Flubot Android Trojan infrastructure shut down by Europol

Paragraph[German]The Android banking Trojan Flubot caused major damage to victims on Android systems since 2021. The last major campaign was reported a few days ago. Now Europol seems to have managed to shut down the infrastructure of the Flubot Android Trojan. Whether this will stop the business model is another matter.


The Flubot smishing plague

I reported several times about banking trojan Flubot, that infects Android devices. Cybercriminals are targeting smartphone users in Europe with their smishing campaign to spread the Flubot malware to steal personal banking data on mobile phones in Europe. Germany is the most affected of all countries: 37.39% of the attack attempts observed by Bitdefender took place in this country.

The Flubot Trojan was first discovered in its current form in December 2020. In 2021, FluBot gained prominence and compromised a large number of devices worldwide.
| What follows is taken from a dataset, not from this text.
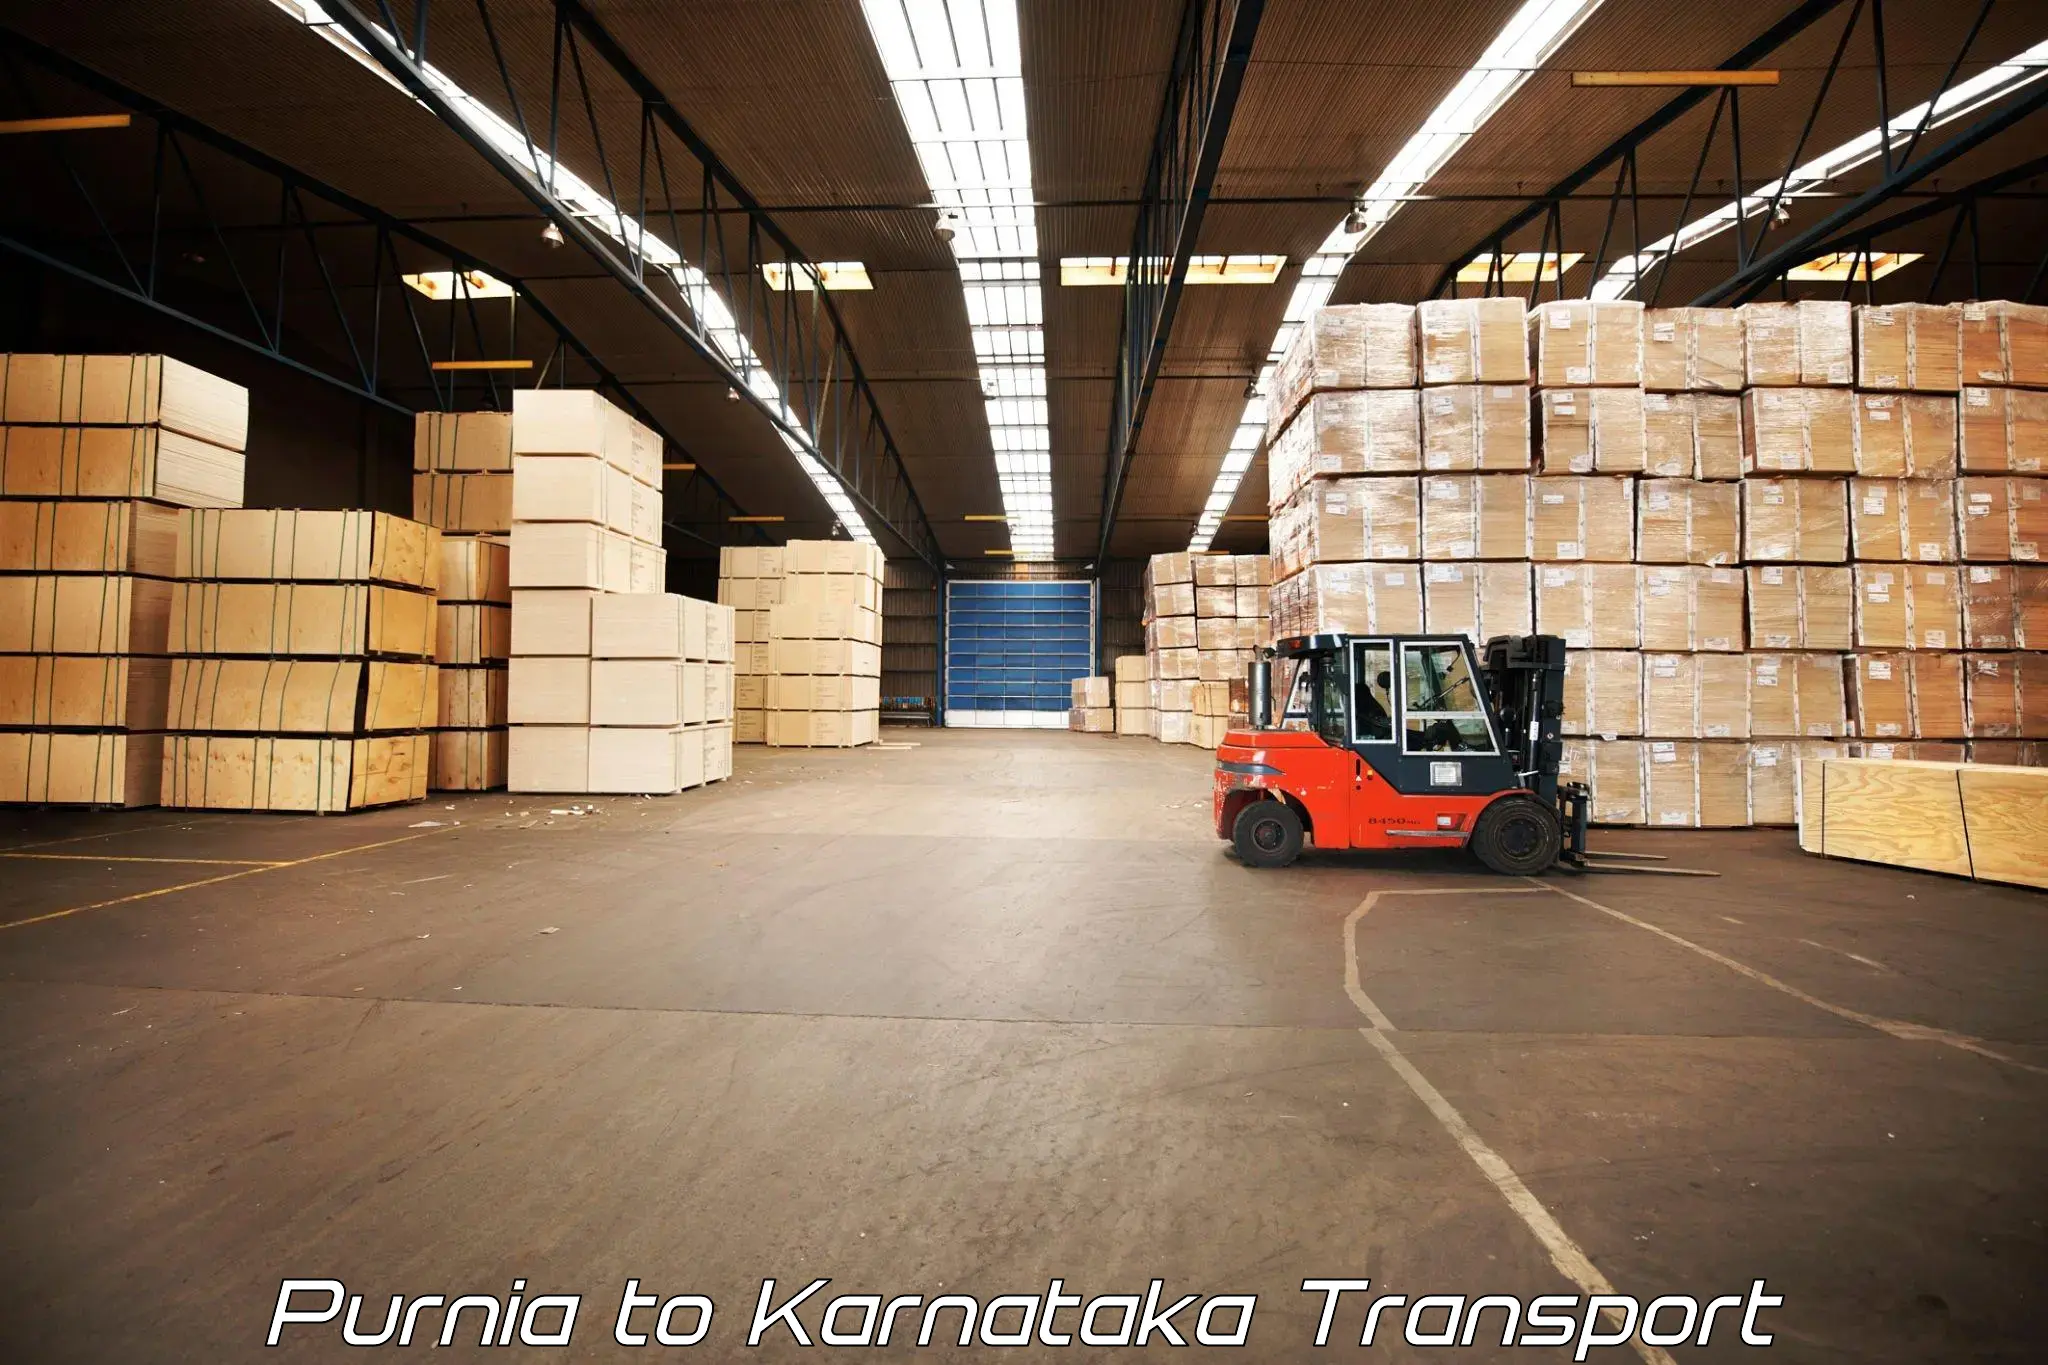 Commercial transport service Purnia to Kanakapura

In addition to Germany, there were probably more significant incidents in Spain and Finland. Europol calls Flubot the fastest spreading mobile malware. The backers spread this Android FluBot malware very aggressively via SMS. The Trojan then stole passwords, online banking data, and other sensitive information from infected smartphones around the world.

In Germany, the criminals used a fake version of DHL's mobile app, the real version of which is very widespread and popular with over a million installations. Flubot's operators spread their malware directly via personalized SMS, so-called "smishing". Then, the malicious version of the DHL mobile app was installed by the duped users via sideloading on Android devices using the sent links.

Europol seizes the infrastructure

Now Europol announces the seizure of the SMS-based FluBot spyware or its associated infrastructure, as reported in the following tweet. Die Europol has published the details in this announcement


In an internationally cooperated law enforcement operation involving 11 countries, the Flubot Android malware – or rather its infrastructure – has been smashed. Already in early May, since the cybergang's infrastructure was successfully disrupted by the Dutch police (Politie), this malware strain was rendered inactive.

The infrastructure disruption operation is the result of a complex investigation involving law enforcement agencies from Australia, Belgium, Finland, Hungary, Ireland, Spain, Sweden, Switzerland, the Netherlands, and the United States, with Europol's European Cybercrime Centre (EC3) coordinating international activities. The following police agencies were involved in the operation:

  • Australia: Australian Federal Police
  • Belgium: Federal Police (Federale Politie / Police Fédérale)
  • Finland: National Bureau of Investigation (Poliisi)
  • Hungary : National Bureau of Investigation (Nemzeti Nyomozó Iroda)
  • Ireland: An Garda Síochána
  • Romania: Romanian Police (Poliția Română)
  • Sweden: Swedish Police Authority (Polisen)
  • Switzerland: Federal Office of Police (fedpol)
  • Spain: National Police (Policia Nacional) 
  • Netherlands: National Police (Politie)
  • United States: United States Secret Service

It says: Under the leadership of the Netherlands Police, in cooperation with the eleven countries: Australia, Belgium, Finland, Hungary, Ireland, Spain, Switzerland, USA, succeeded in locating and shutting down the infrastructure at the end of May. Investigations are continuing with the aim of identifying the perpetrators. It would be good, of course, if those behind it could be apprehended – because the infrastructure could be rebuilt.

Users who suspect they have this malware on their Android devices should reset them to factory settings – recommend by Europol. Problem is rather to find out if the malware is on the device. That could be determined by a virus scanner app. Europol writes: If you tap on an app and it doesn't open, or if you try to uninstall an app and an error message appears instead, this is an indication of malware, they say.